Frida Kahlo Bibliography

Frida Kahlo was born on July 6, 1907 in Mexico City suburb of Coyoacn, in the same
house where she lived for 47 years.
When she was 18 years old, she was in a bus accident that injured her spine, pelvis, and
foot, injuries that led to many hospital stays, operations, and, ultimately, her death. Frida
spent the next month in hospital, and another 2 months at home recuperating, followed by
32 operations during her life-time. Her first prolonged hospitalization gave her the
opportunity to rethink her life and become a painter, in spite of constant pain and
discomfort.
Kahlo is a big women, her art is a chronicle of her personal pain and strength in the face of
endless medical problems. Kahlo's work painted on canvas, wooden boards, and tin depicts
her personal story; perhaps most riveting are the artist's many self-portraits. In them, Kahlo
often painted herself in native Mexican dress, surrounded by her many pets and the lush
vegetation of her homeland, her forehead or body imprinted with the people and events
central to her life.
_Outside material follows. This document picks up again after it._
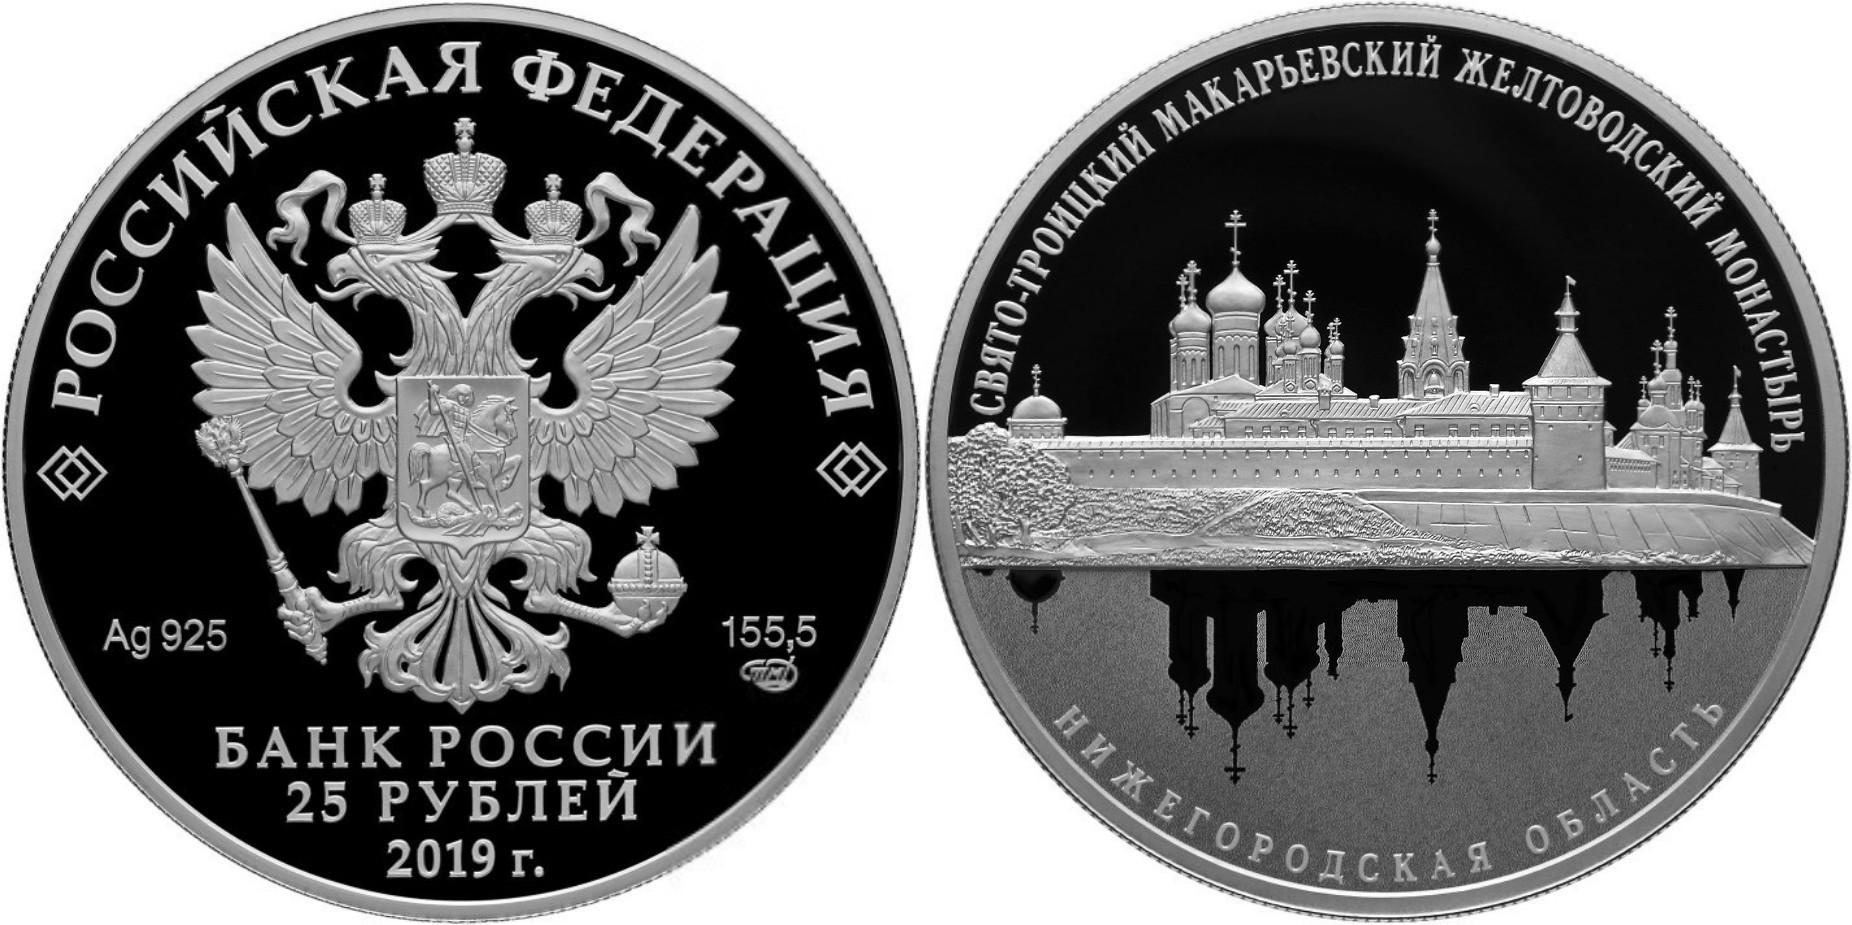 russie-2019-couvent-Zheltovodsky-Makaryev
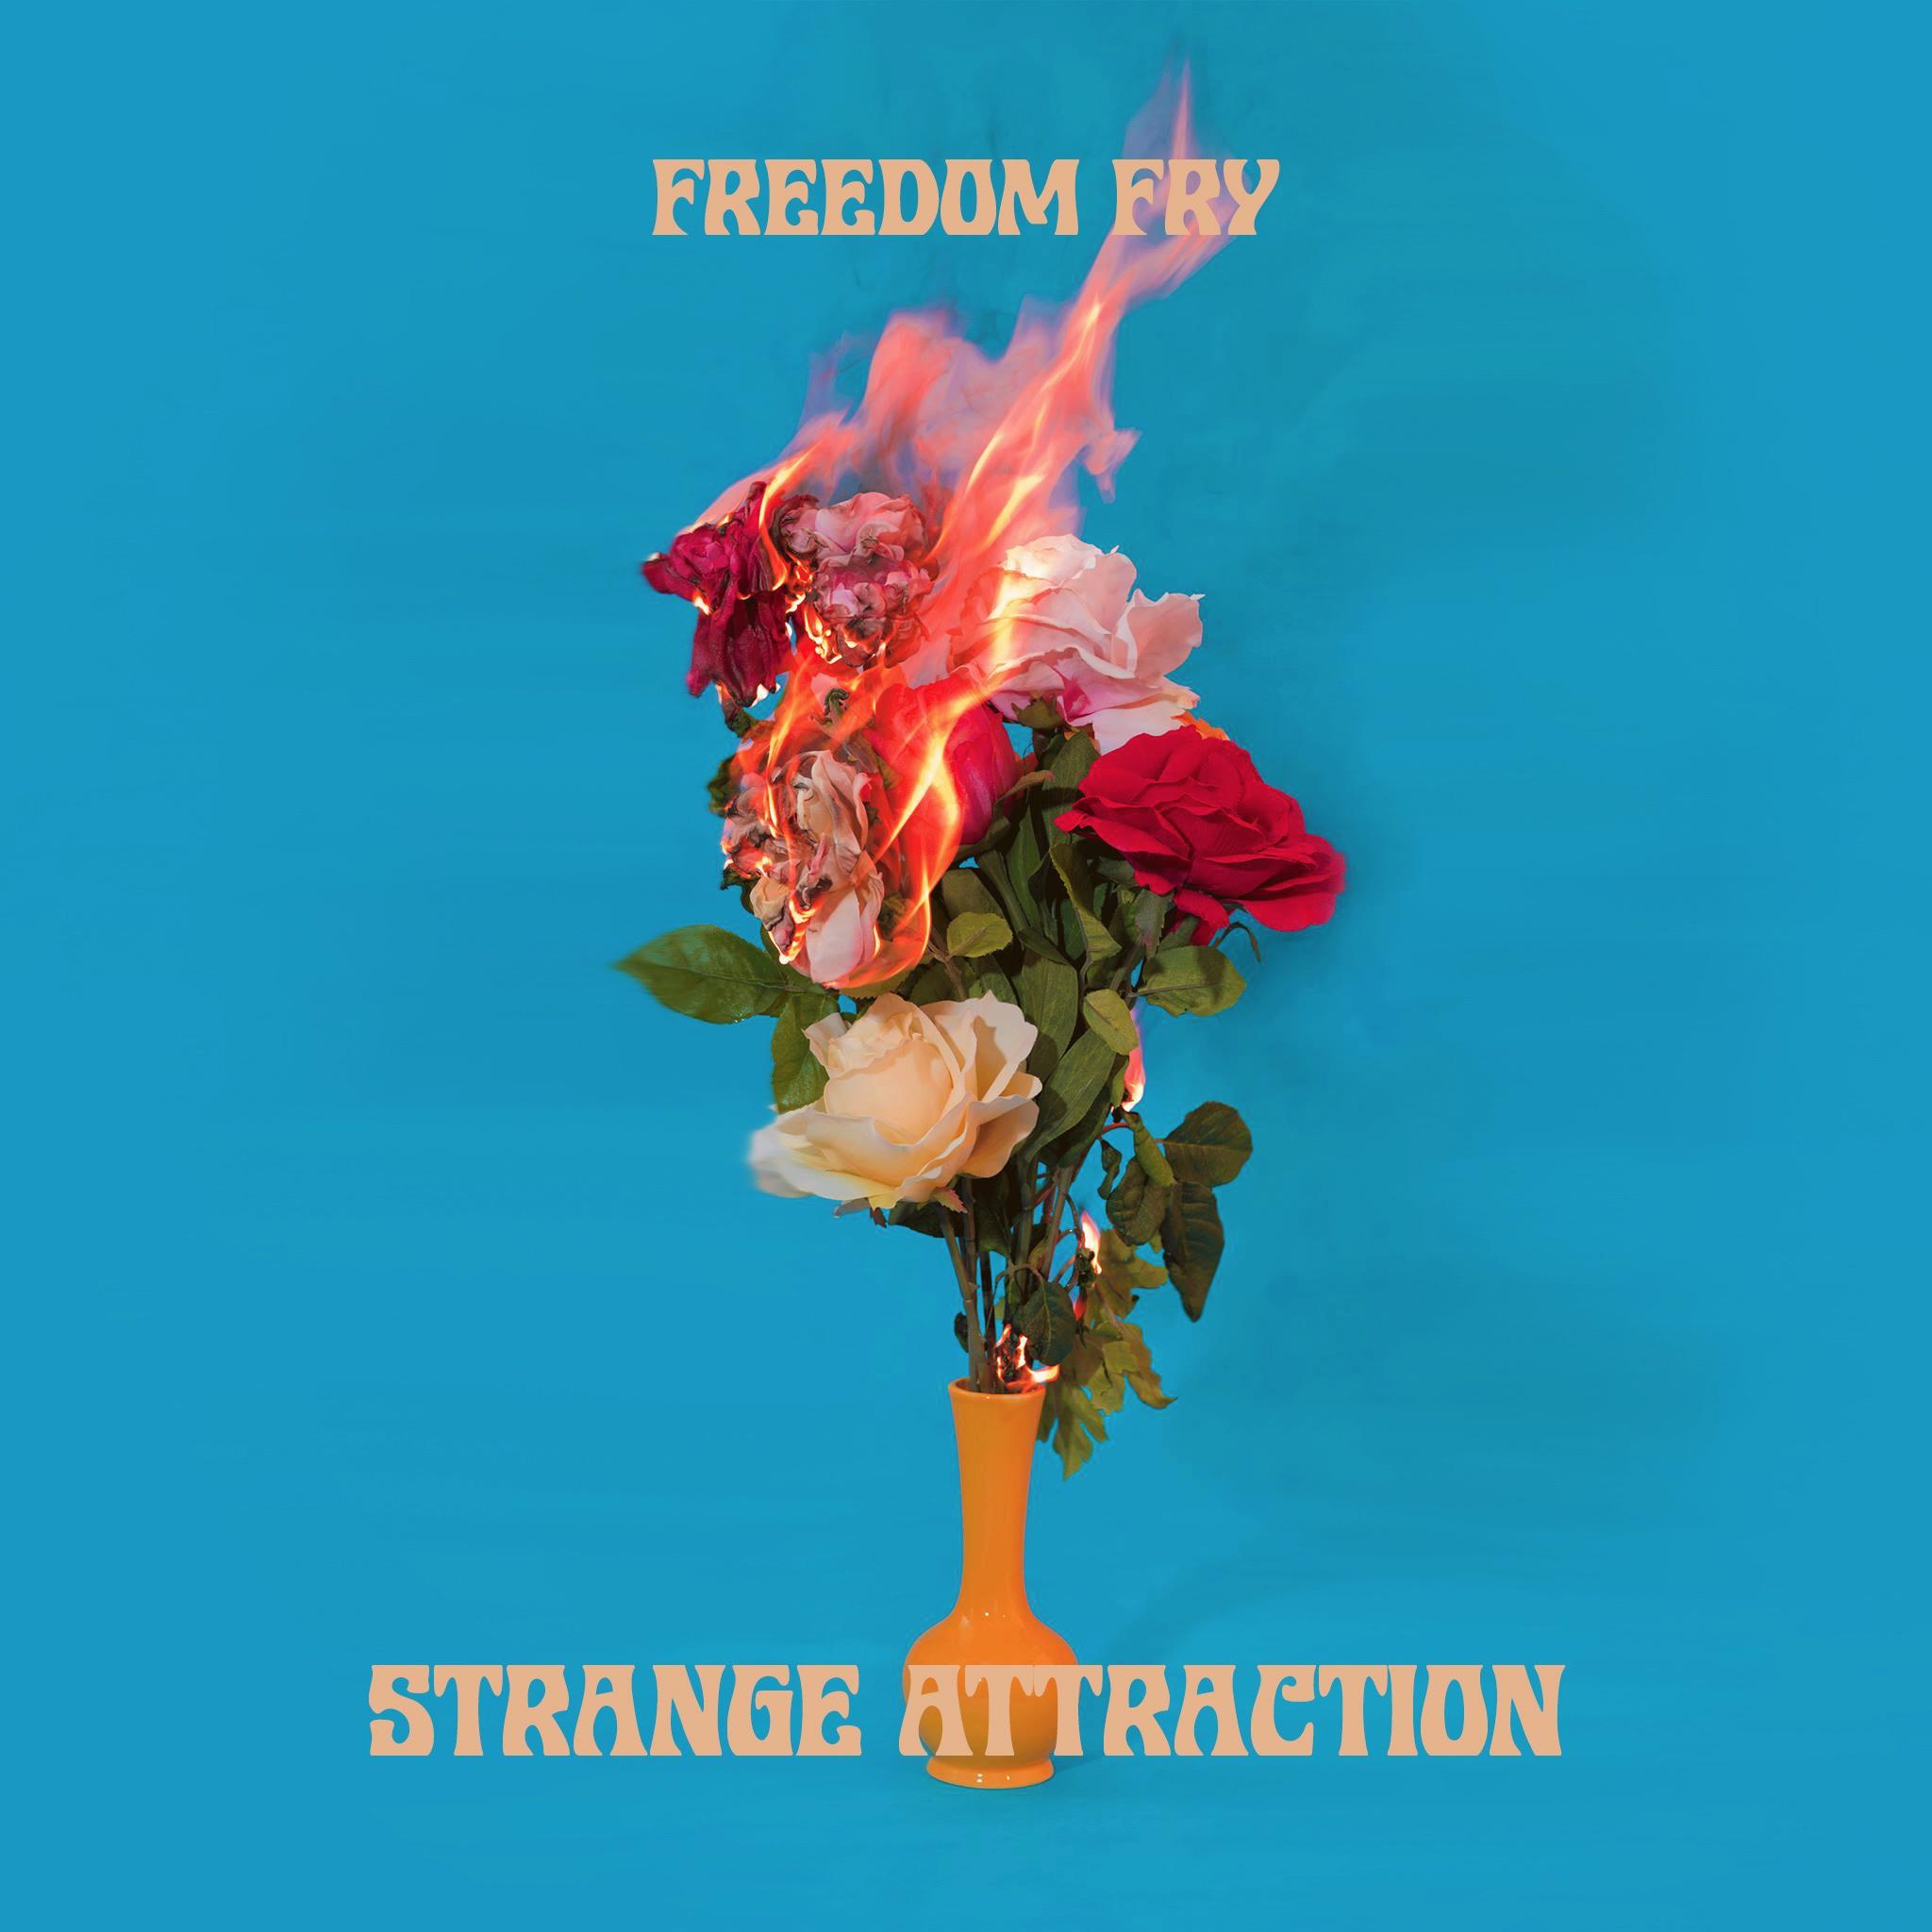 freedom fry strange attraction

Always intense and sometimes realistic or fantastic, her works show that
her art and life were inseparable, fierce, timeless, and tragic. Kahlo had exhibitions of her
paintings in New York City and Paris in the 1930s and associated with some of the most
famous painters in the world. In 1953, when Frida Kahlo had her first exhibition in
Mexico, a local critic wrote: "It is impossible to separate the life and work of this
extraordinary person. Her paintings are her biography."

She was single until 1929, when she married the famed muralist and social activist Diego
Rivera, the couple became well known for their dedication to Mexico's populist causes and
pride in their country's native culture. In 1932, Kahlo and Rivera lived in Michigan, in the
United States, where Frida Kahlo miscarried a pregnancy. She immortalized her experience
in a painting, Henry Ford Hospital.

Frida and Diego divorced early in 1940, and soon after, Frida's health deteriorated. In the
early 1930s, she developed an atrophic ulcer on her right foot, from which several
gangrenous toes were amputated in 1934.
In 1940, Frida Kahlo gained international recognition for her colorful and sometimes
gruesome paintings (as well as for her bold public persona), but she continued to have
health problems. She died in 1954, just after her 47th birthday.